Lopes nega interferência da CBF

O coordenador-técnico da seleção brasileira, Antonio Lopes, deixou claro hoje que a direção da Confederação Brasileira de Futebol (CBF) não acenou com nenhuma interferência no trabalho do treinador Emerson Leão, mesmo depois do empate com o Peru, no meio de semana, o que deixou o Brasil em situação delicada nas eliminatórias para o Mundial de 2002. De acordo com Lopes, o presidente da CBF, Ricardo Teixeira, não conversou sobre a possibilidade de mudanças na comissão técnica ou na estrutura de trabalho de Leão, no encontro mantido pelos três no vestiário do Morumbi, após a partida."Pelo menos, até o presente momento, não tenho conhecimento de nenhuma intenção da diretoria da CBF em promover mudanças", afirmou Lopes.

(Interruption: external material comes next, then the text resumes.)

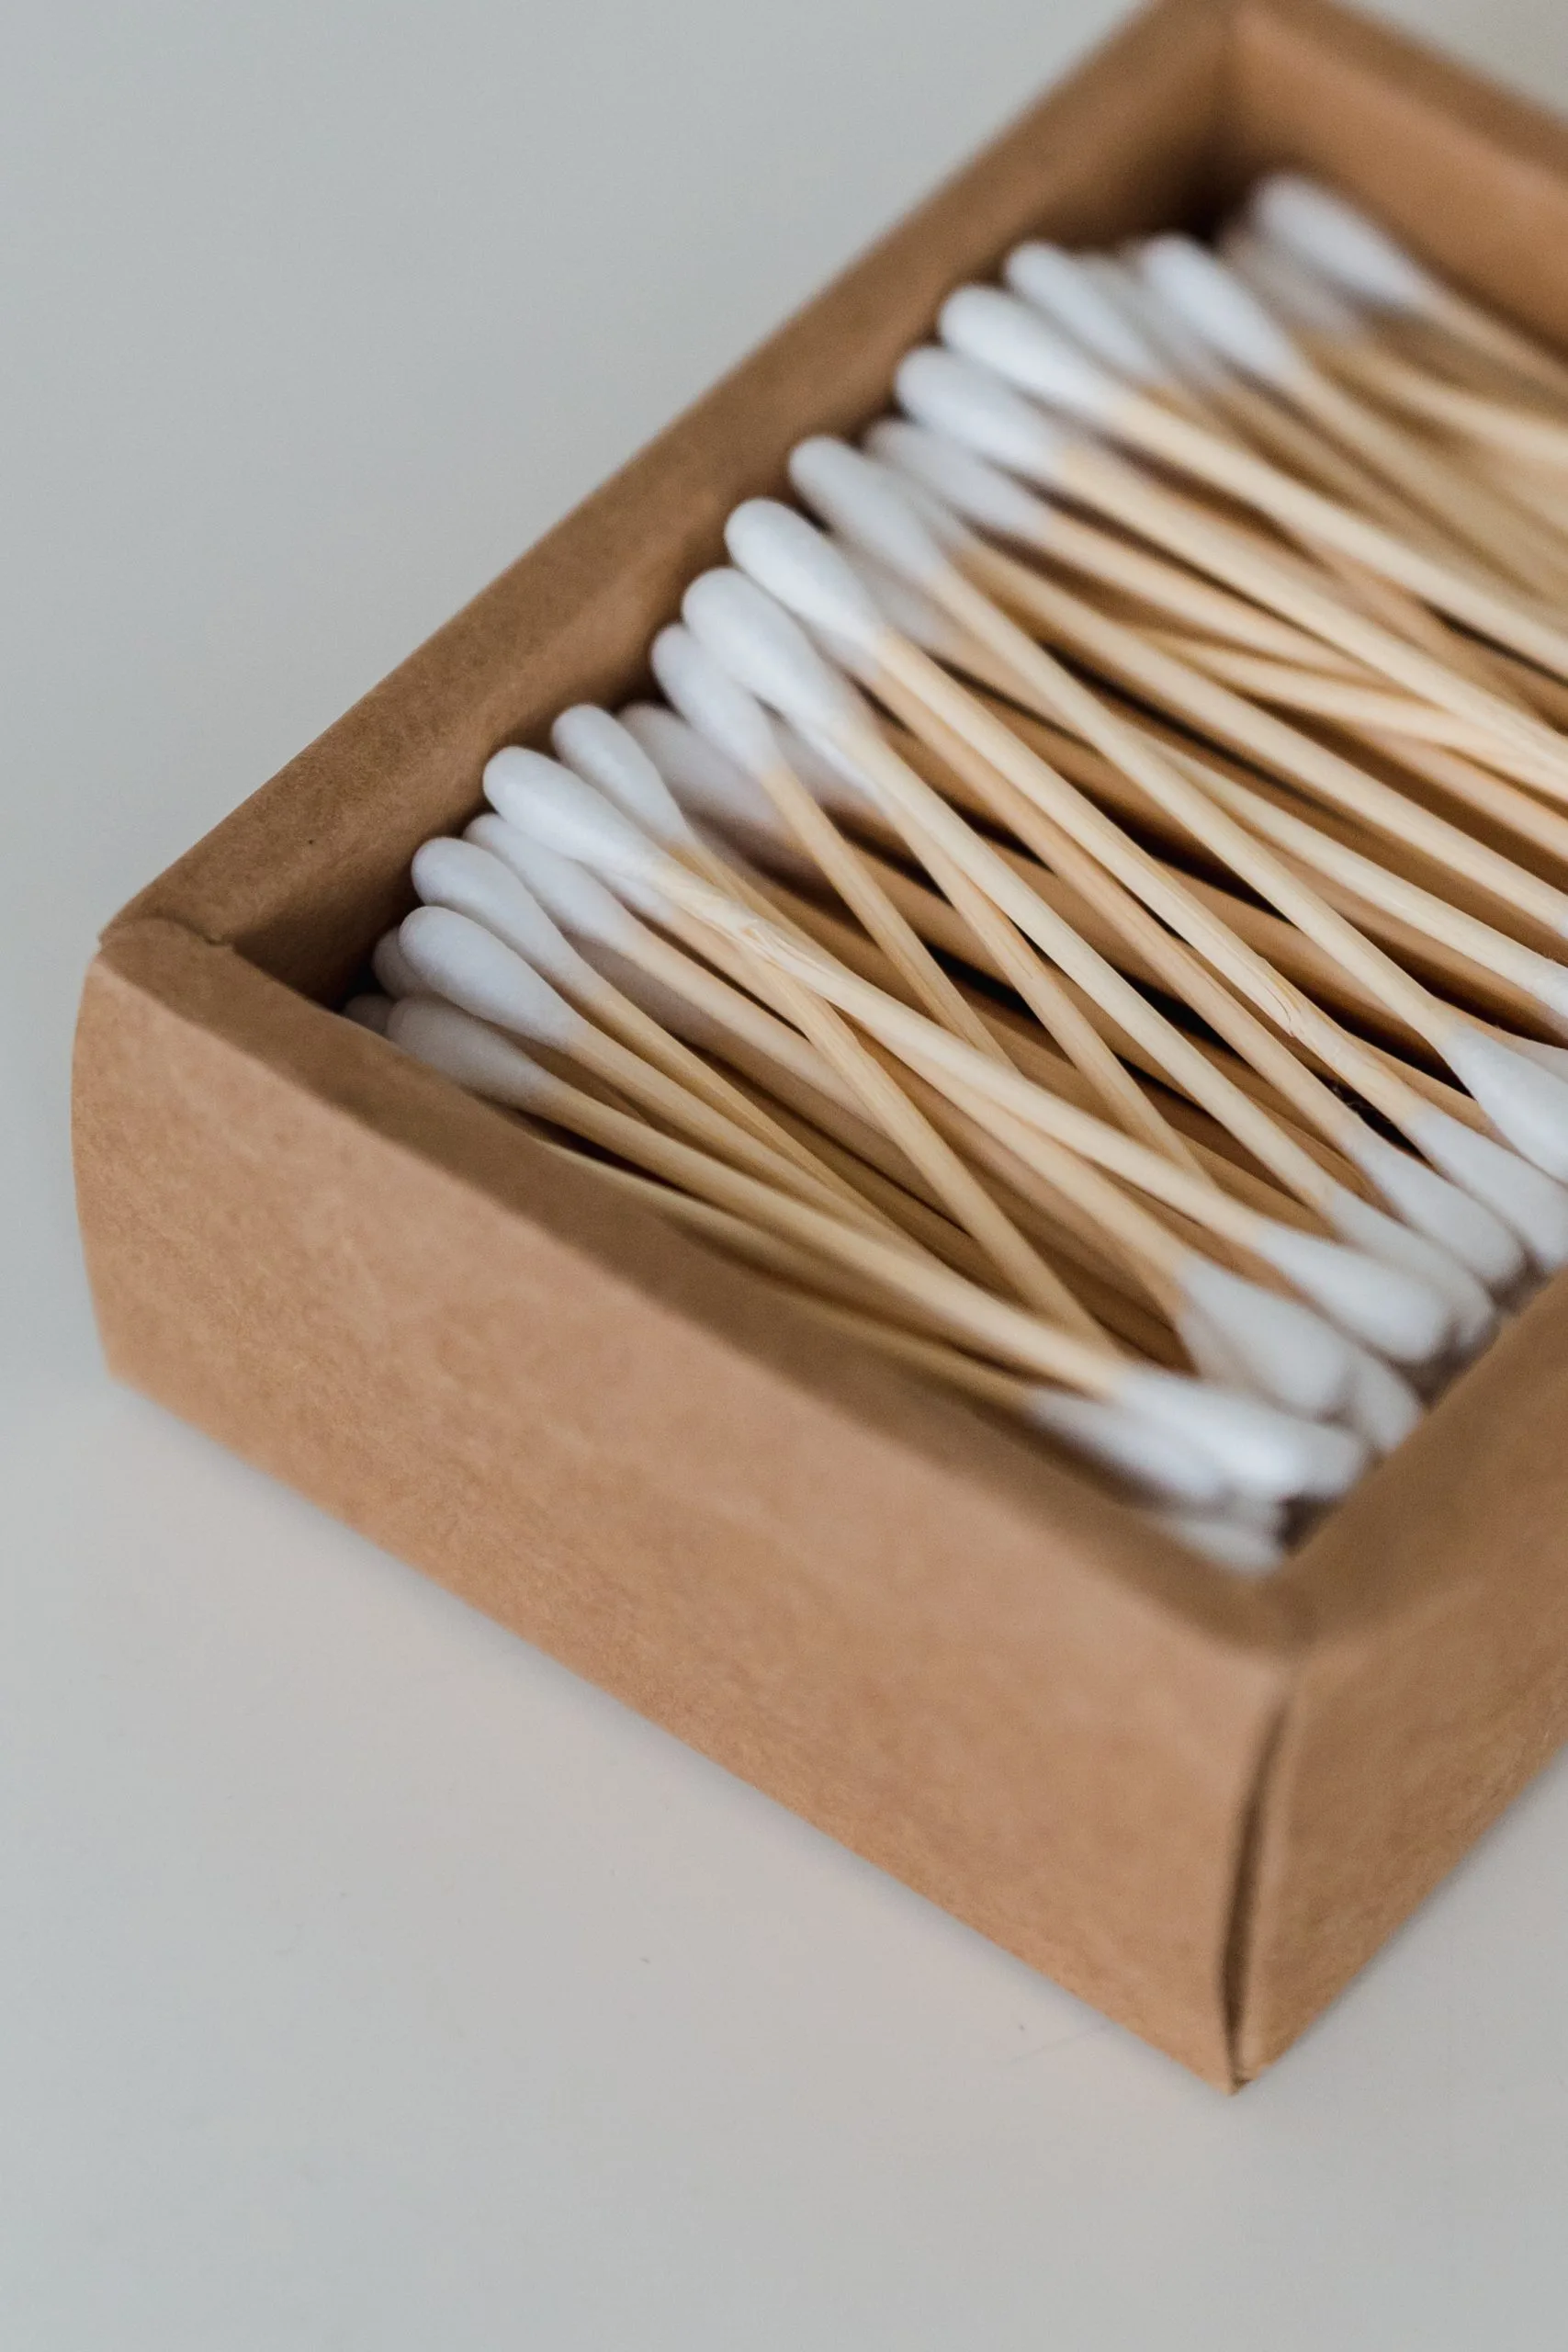 Is It Safe To Use Cotton Swabs To Clean The Inside of Your Ears?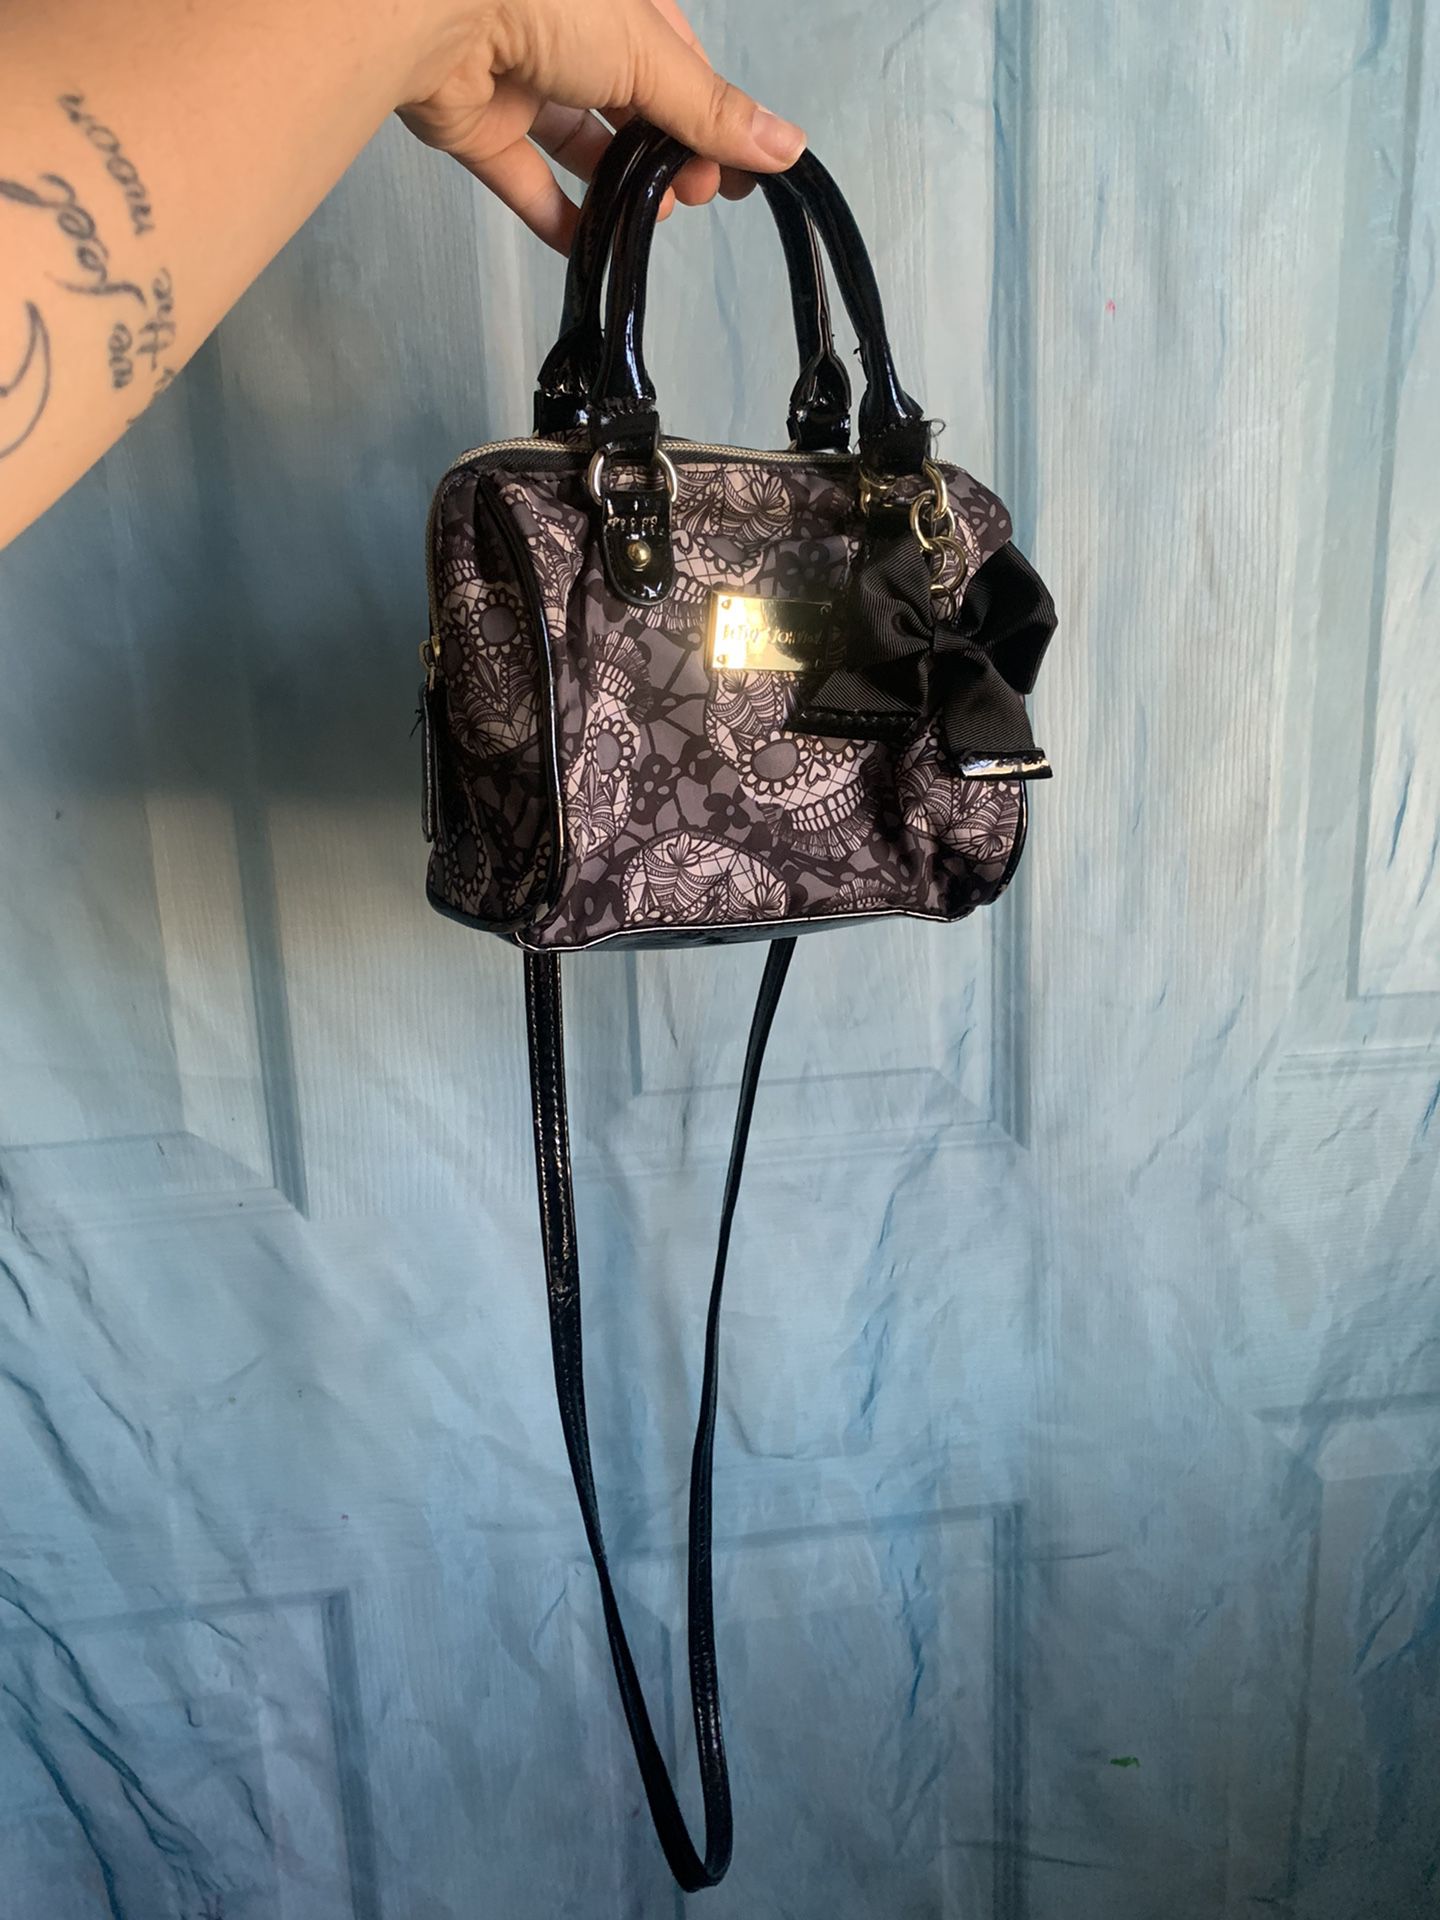 LV Bag for Sale in Tolleson, AZ - OfferUp

Em seguida, ele assegurou que Leão será o técnico do Brasil até a próxima Copa do Mundo. O coordenador fez coro às declarações dadas por Teixeira à Agência Estado, em que afirmou que "detestou" a atuação da seleção. "Realmente nenhum de nós gostou, é inegável que há um clima de insatisfação geral no País com a seleção brasileira."Lopes não quis se estender em comentários sobre o fato de alguns jogadores terem prestigiado a inauguração de uma boate de Vampeta, na noite de quarta-feira, após o jogo com o Peru - estiveram no local Romário e Edílson. Mas deixou escapar que a comissão técnica vai tratar do assunto em âmbito restrito. "Temos que manifestar nossa opinião sobre isso apenas com os jogadores e não ficar emitindo opinião publicamente."A informação de que orientara Leão a substituir Ricardinho por Mineiro durante a partida foi rechaçada por Lopes. Ele disse que escalação do time e alterações no decorrer dos jogos são atribuições exclusivas de Leão. O objetivo da comissão é reunir em 20 de maio o grupo que vai disputar a Copa das Confederações (de 31 de maio a 10 de junho), no Japão e Coréia do Sul.Assim, a seleção teria, pela primeira vez desde que Leão assumiu seu comando, 20 dias consecutivos para treinos e jogos. Lopes também afirmou que vai ser mantida a idéia de privilegiar jogadores que atuam no Brasil nas próximas convocações.